Task prompt >> Starting with the line that has "Madame de Pompadour" and finishing with the line that has "Flörsheim-Dalsheim – Wikipedia", set down each line below exactly. Pictures are not copied.

Material to process >>
----------------

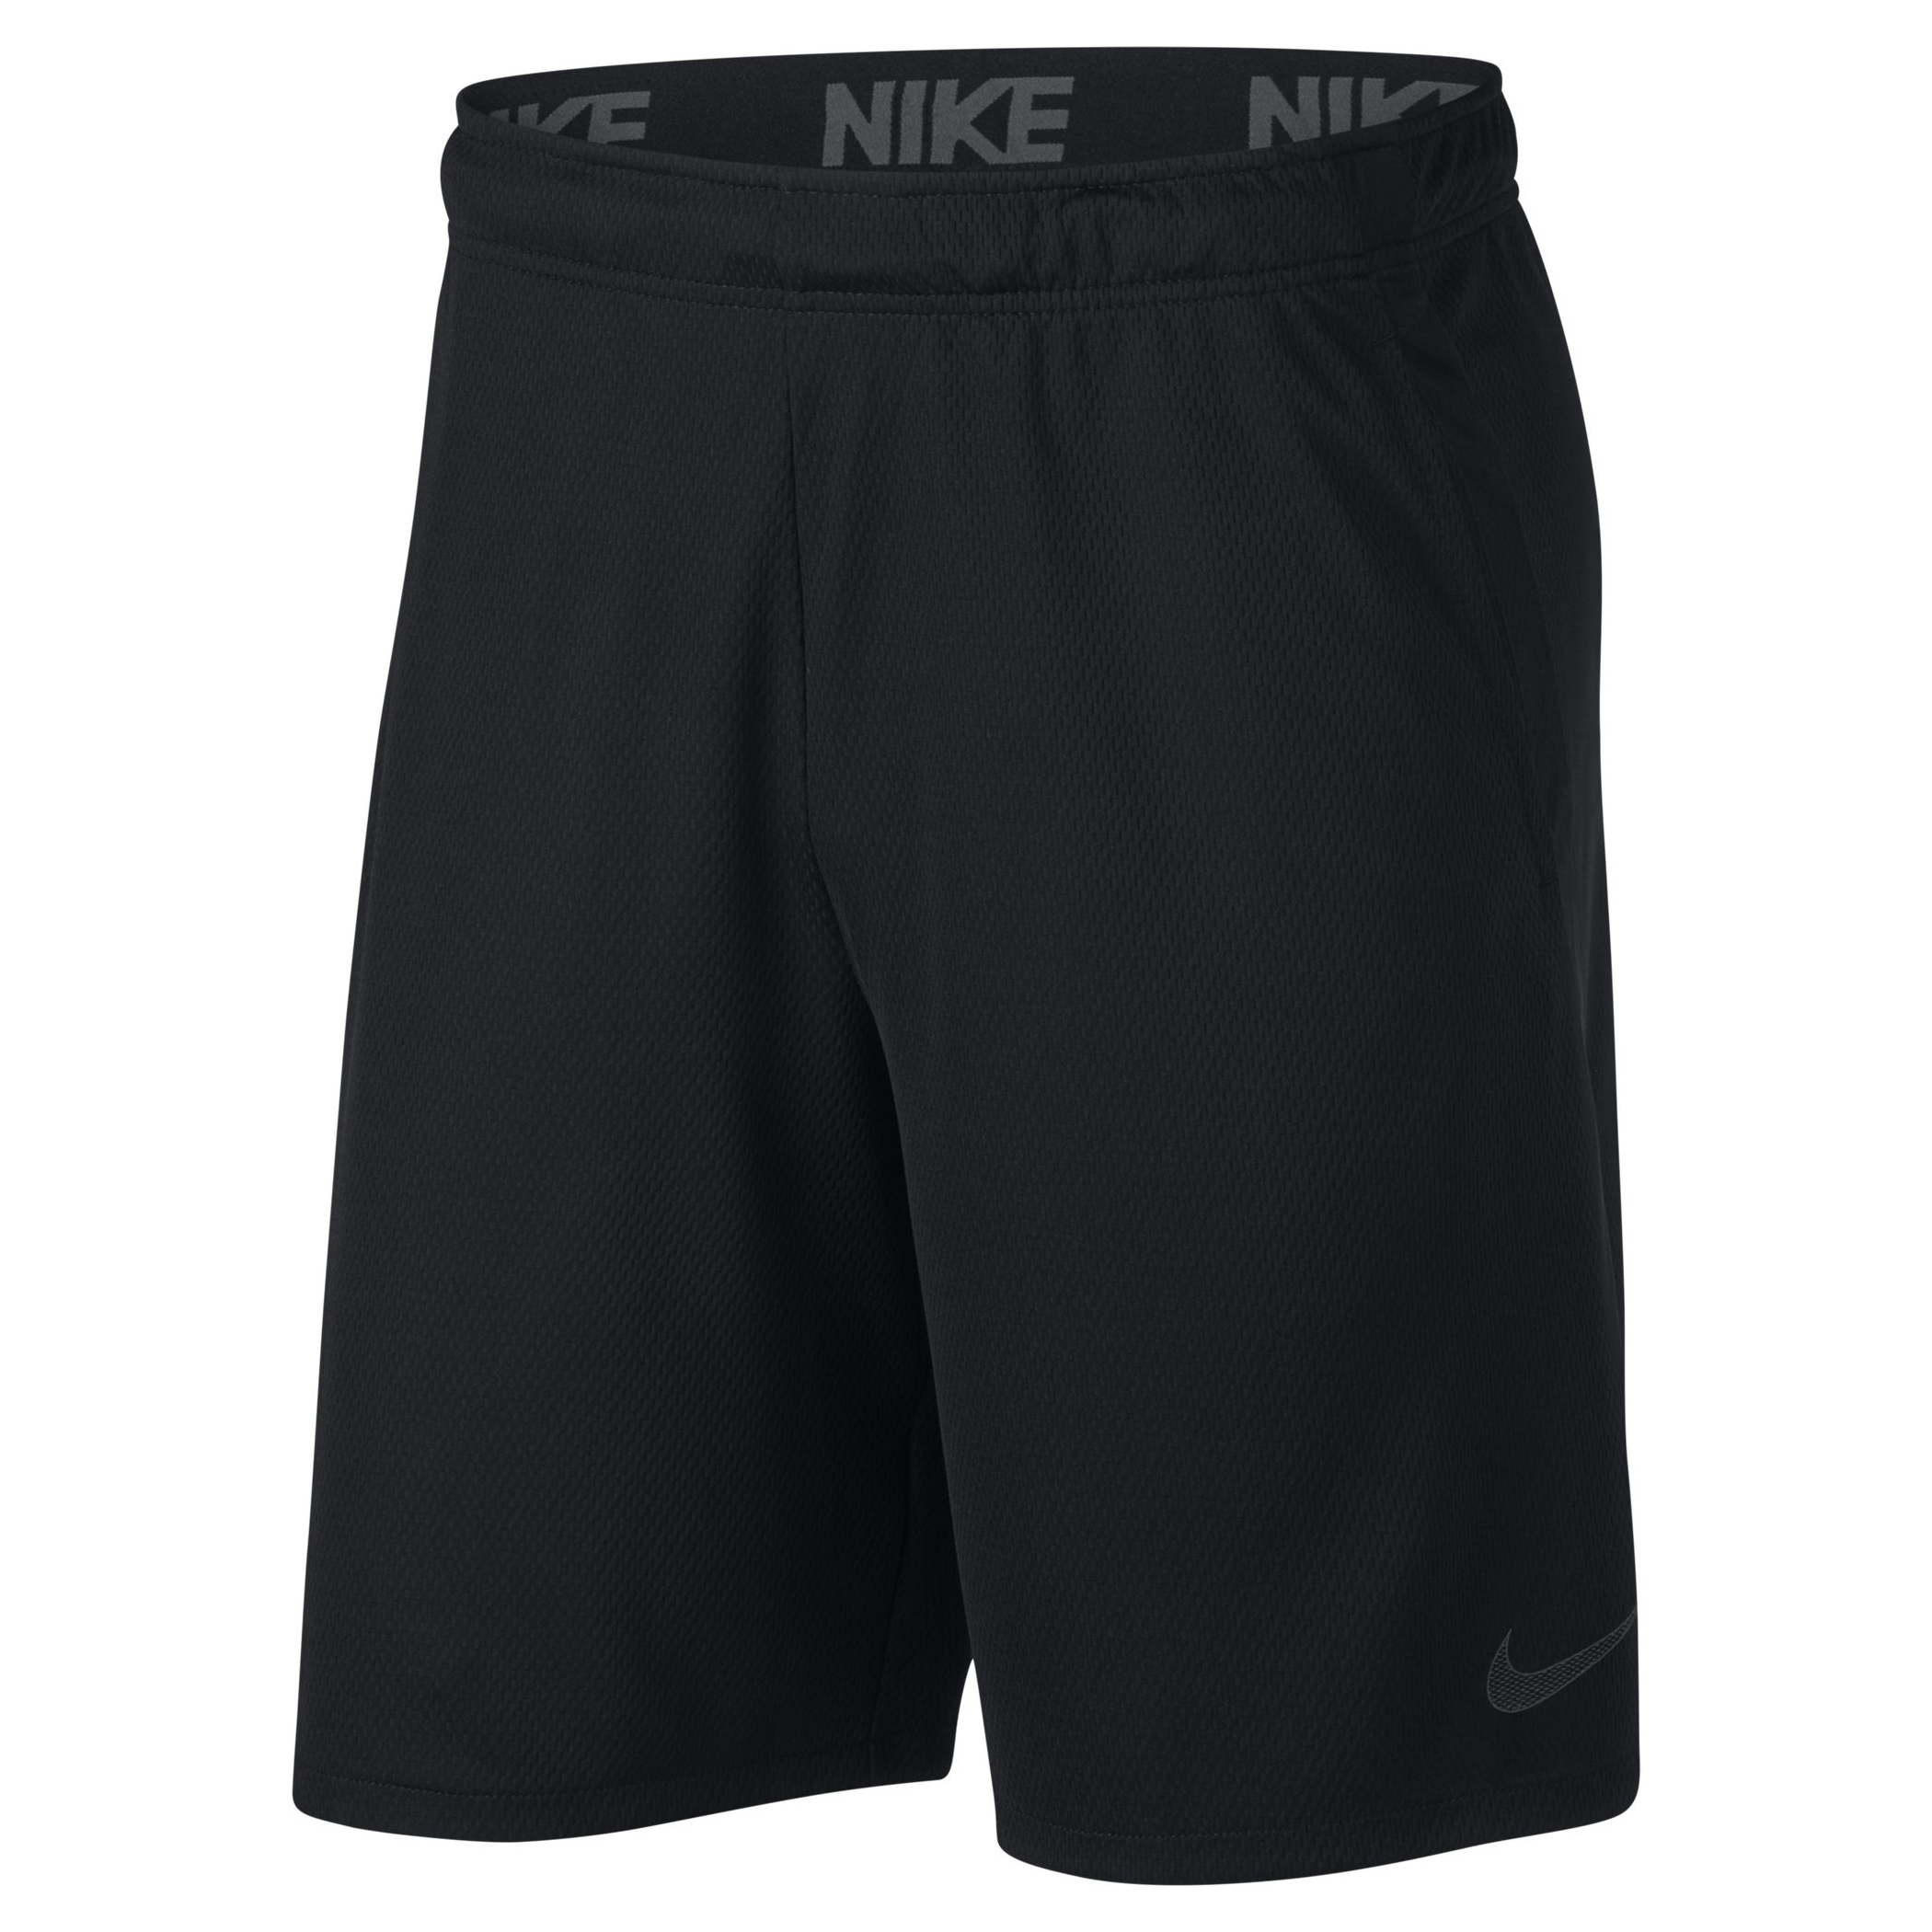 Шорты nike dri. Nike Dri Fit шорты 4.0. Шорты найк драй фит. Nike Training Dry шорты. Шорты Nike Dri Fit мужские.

----------------

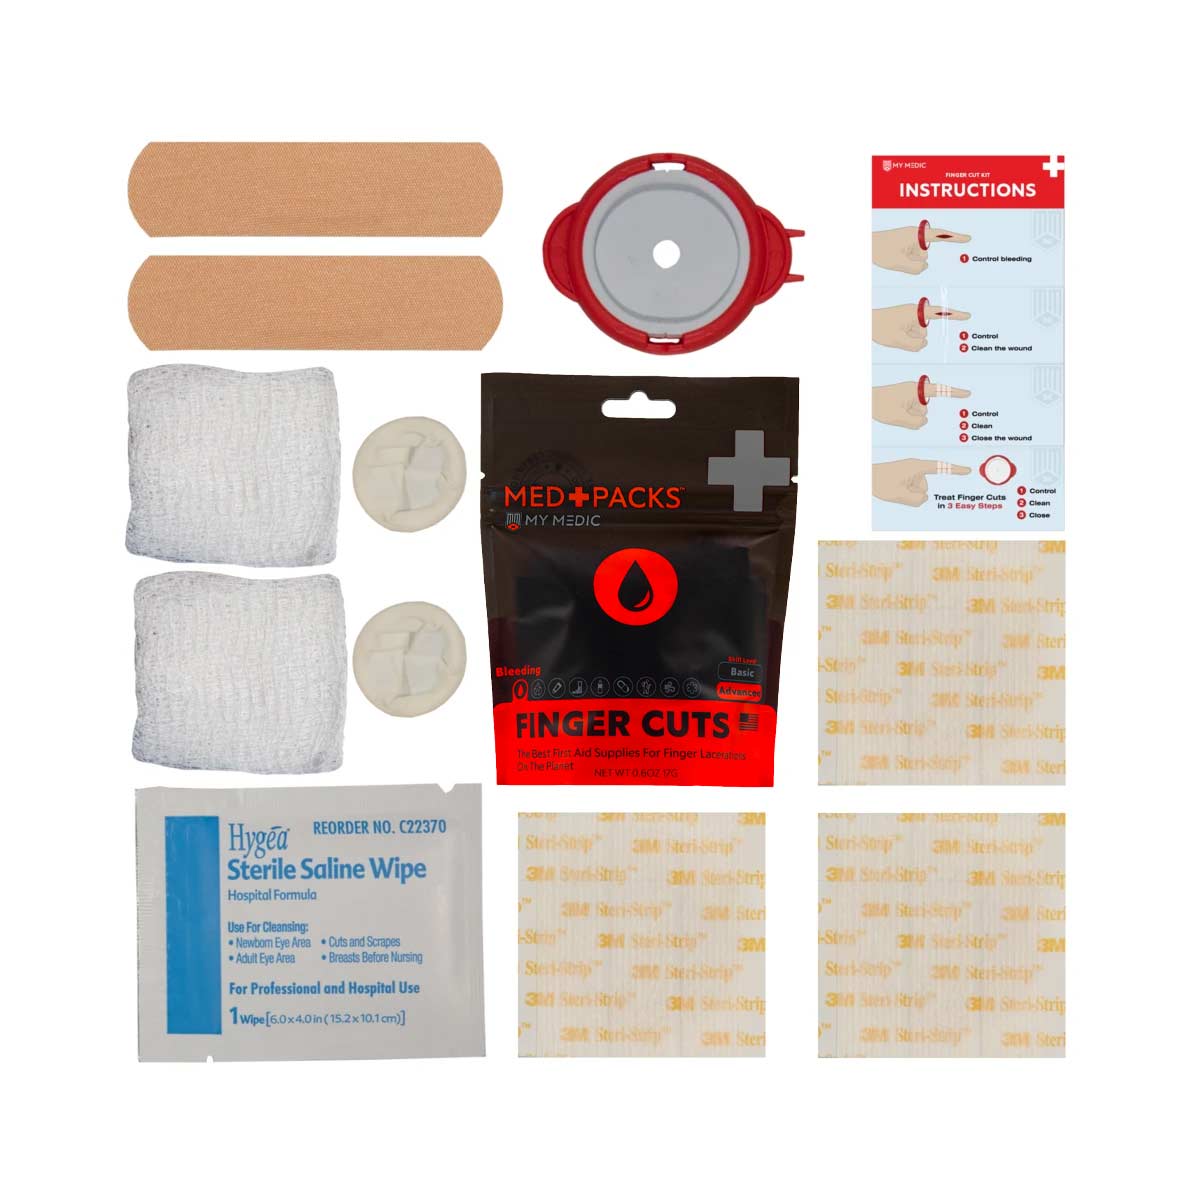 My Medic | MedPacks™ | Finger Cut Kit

----------------

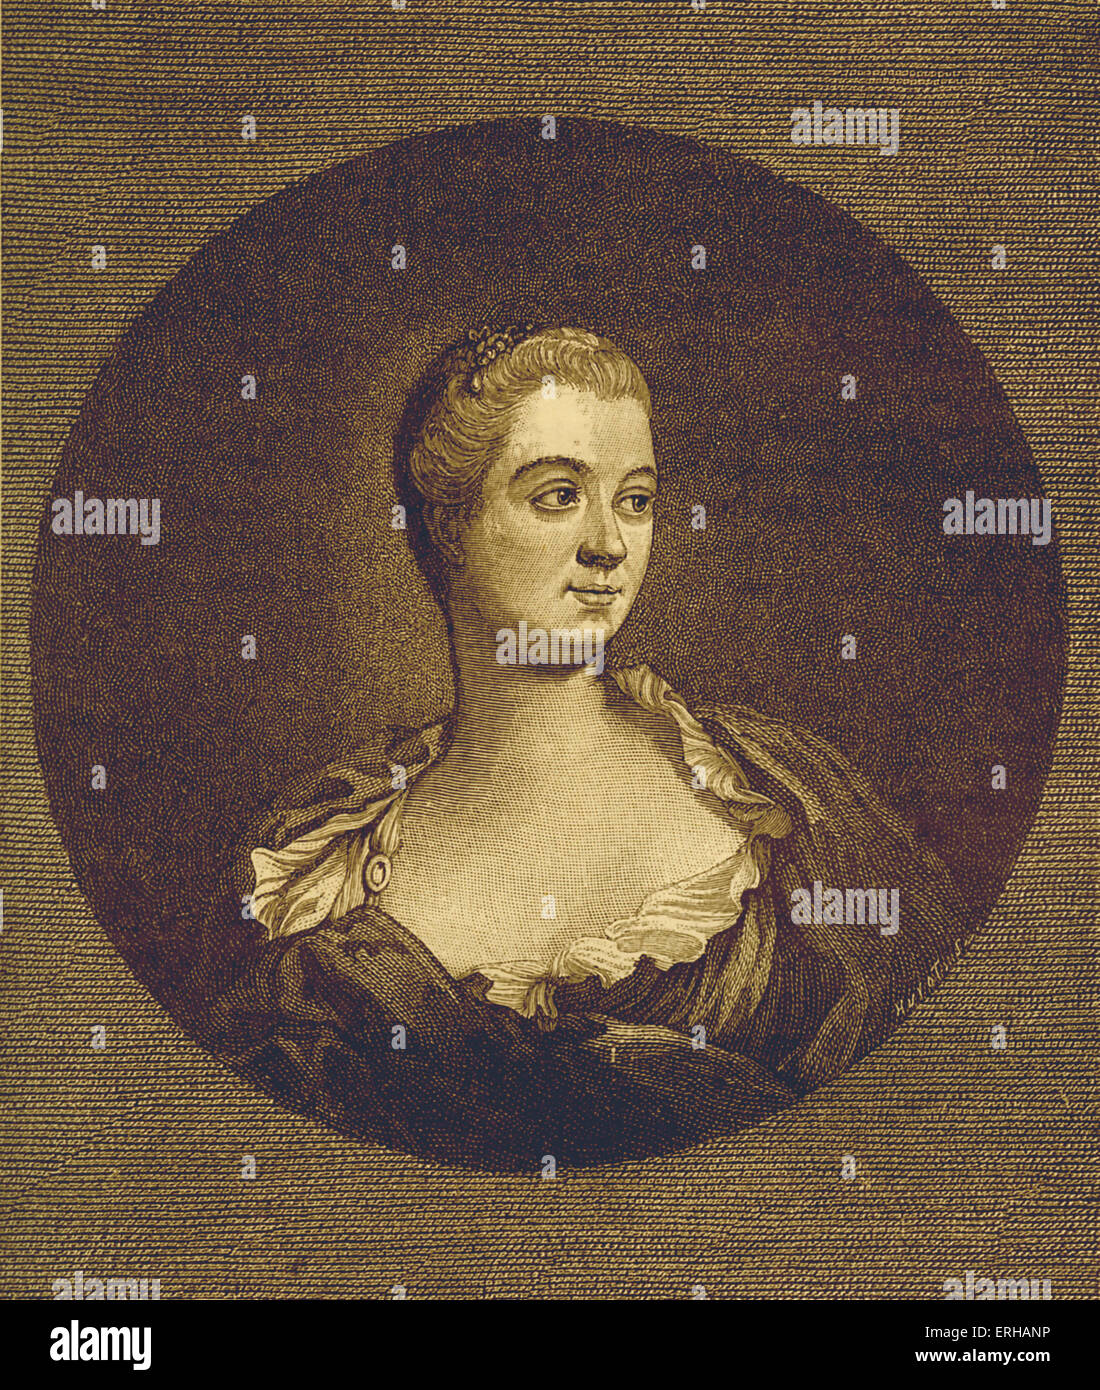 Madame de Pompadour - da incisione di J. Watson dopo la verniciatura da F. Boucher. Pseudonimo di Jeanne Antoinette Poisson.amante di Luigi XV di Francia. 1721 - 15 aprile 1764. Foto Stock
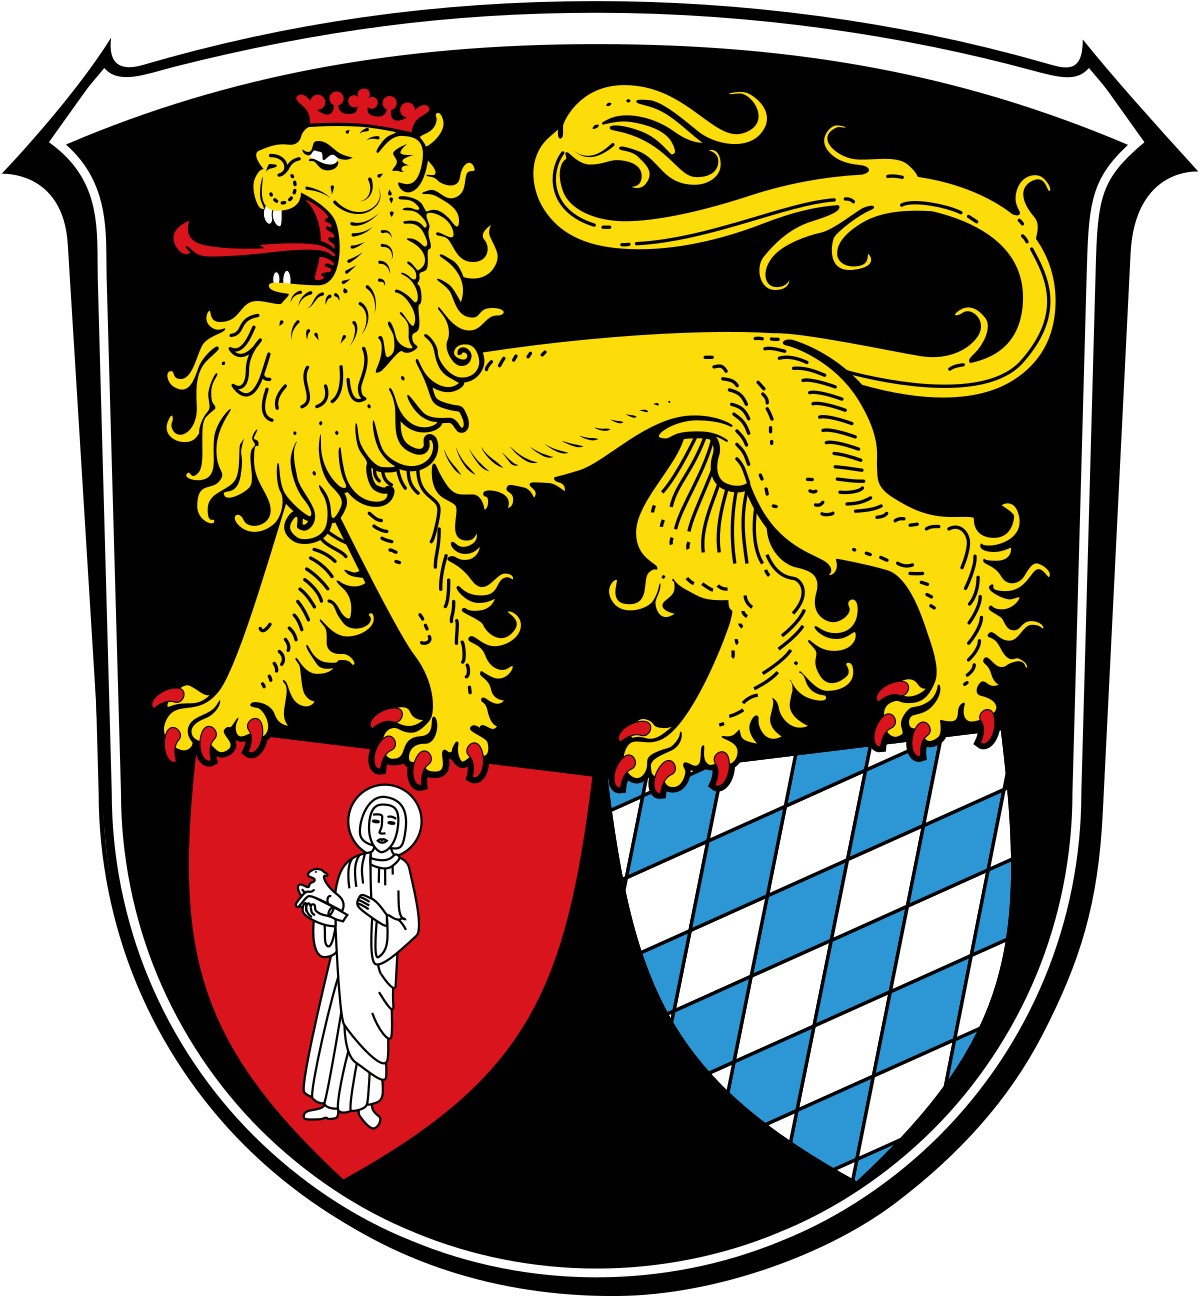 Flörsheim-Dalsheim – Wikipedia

----------------

Written answer >>
 Madame de Pompadour - da incisione di J. Watson dopo la verniciatura da F. Boucher. Pseudonimo di Jeanne Antoinette Poisson.amante di Luigi XV di Francia. 1721 - 15 aprile 1764. Foto Stock
 Flörsheim-Dalsheim – Wikipedia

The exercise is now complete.